Python provides mechanisms to automatically memoize functions and decorator is an amazing feature that is very useful for easy implementation of memoization techniques. Decorators can change how the function behaves, without needing to actually change the original code. Common use cases of decorators are - adding logging, caching, authentication, etc.
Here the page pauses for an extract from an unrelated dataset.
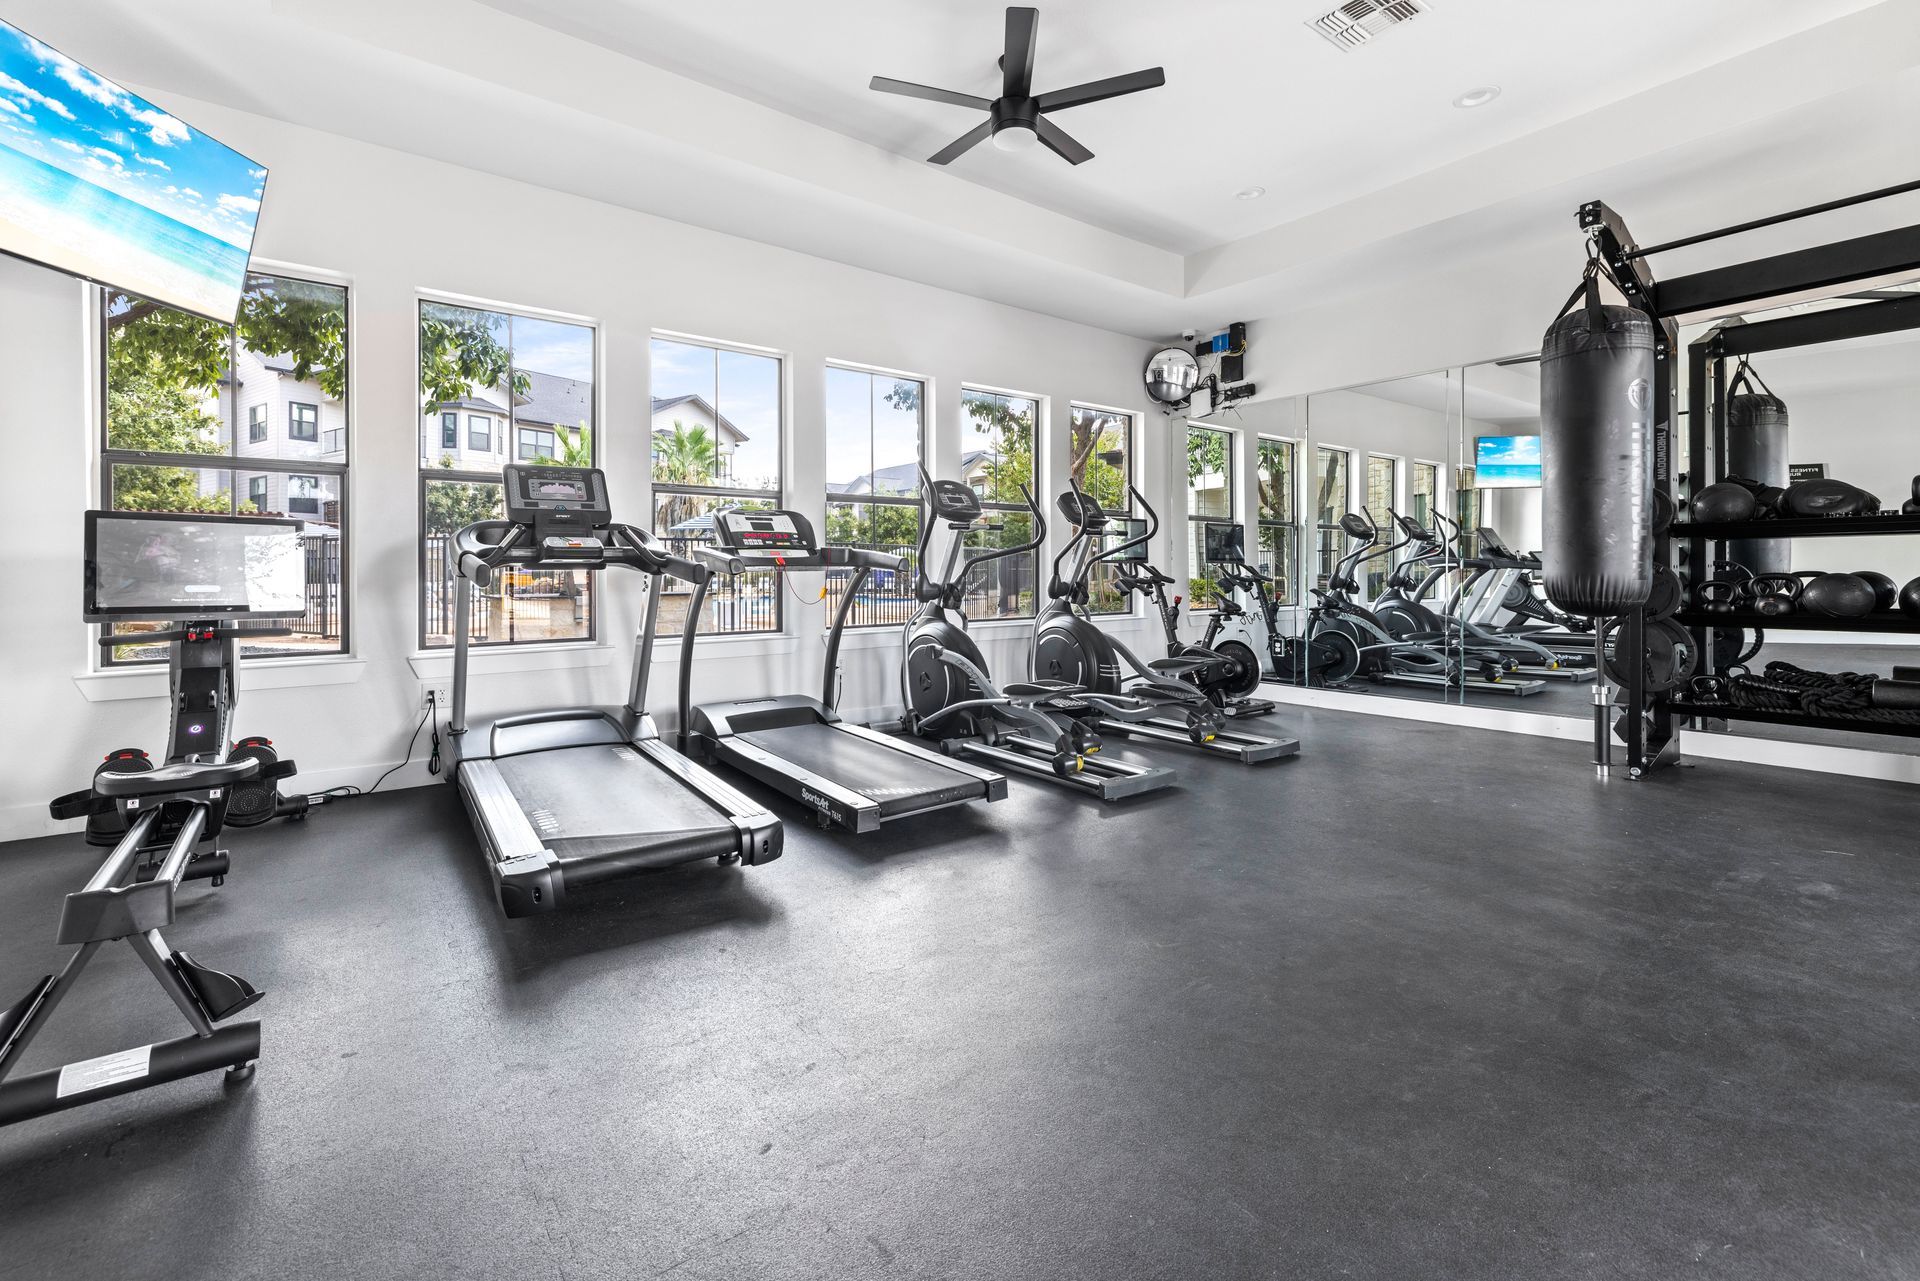 Fitness center at Westwood Terrace.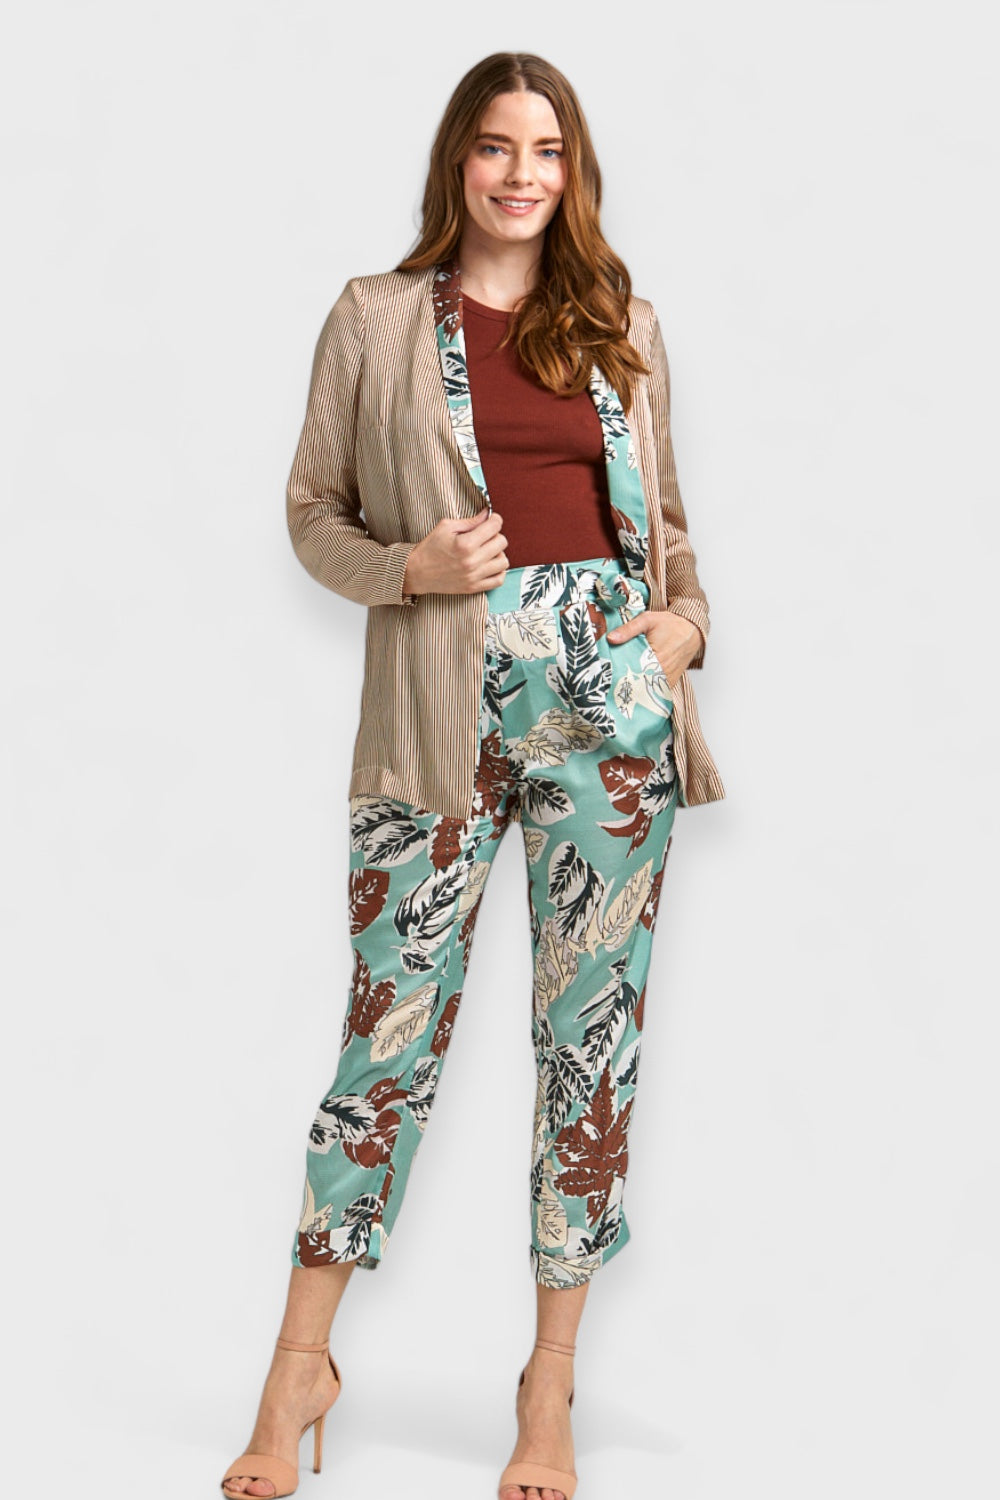 Vera Relaxed Floral Print Collar Striped Blazer by AnnaCristy Milano Italian Women's Clothing Paired with Anna Floral Satin Pants

A decorator is just a callable that takes a function (mostly) or a class as an argument and returns a function/class object. Decorators enhance the readability and maintainability of a program. This post is not about Python decorators so I am not going deep into what they are and their types or how they get invoked.

```
# Recursive function recursive_fibo() with Memoization using decorator
def memoize(f):
memo = {}
def wrapper(x):
if x not in memo:
memo[x] = f(x)
print('New result for recursive_fibo({})'.format(x))
else:
print('Result from cache : recursive_fibo({})'.format(x))
return memo[x]
return wrapper
@memoize
def recursive_fibo(n):
if n <= 1:
return n
else:
return recursive_fibo(n-1) + recursive_fibo(n-2)
print(recursive_fibo(8))
```

**Output:**

```
New result for recursive_fibo(1)
New result for recursive_fibo(0)
New result for recursive_fibo(2)
Result from cache : recursive_fibo(1)
New result for recursive_fibo(3)
Result from cache : recursive_fibo(2)
New result for recursive_fibo(4)
Result from cache : recursive_fibo(3)
New result for recursive_fibo(5)
Result from cache : recursive_fibo(4)
New result for recursive_fibo(6)
Result from cache : recursive_fibo(5)
New result for recursive_fibo(7)
Result from cache : recursive_fibo(6)
New result for recursive_fibo(8)
21
```

In the above example, use of the @memoize decorator has made it easy to separate the actual logic of the function **recursive_fibo** from its memorization implementation.

**Conclusion**

- Memoization is a great technique that can make the code execute faster when you have repetitive/recursive function calls with the same set of arguments.

- A prerequisite for a function to be memoized is that it must be pure, which means it must always return the same value whenever it gets called with the same set of arguments.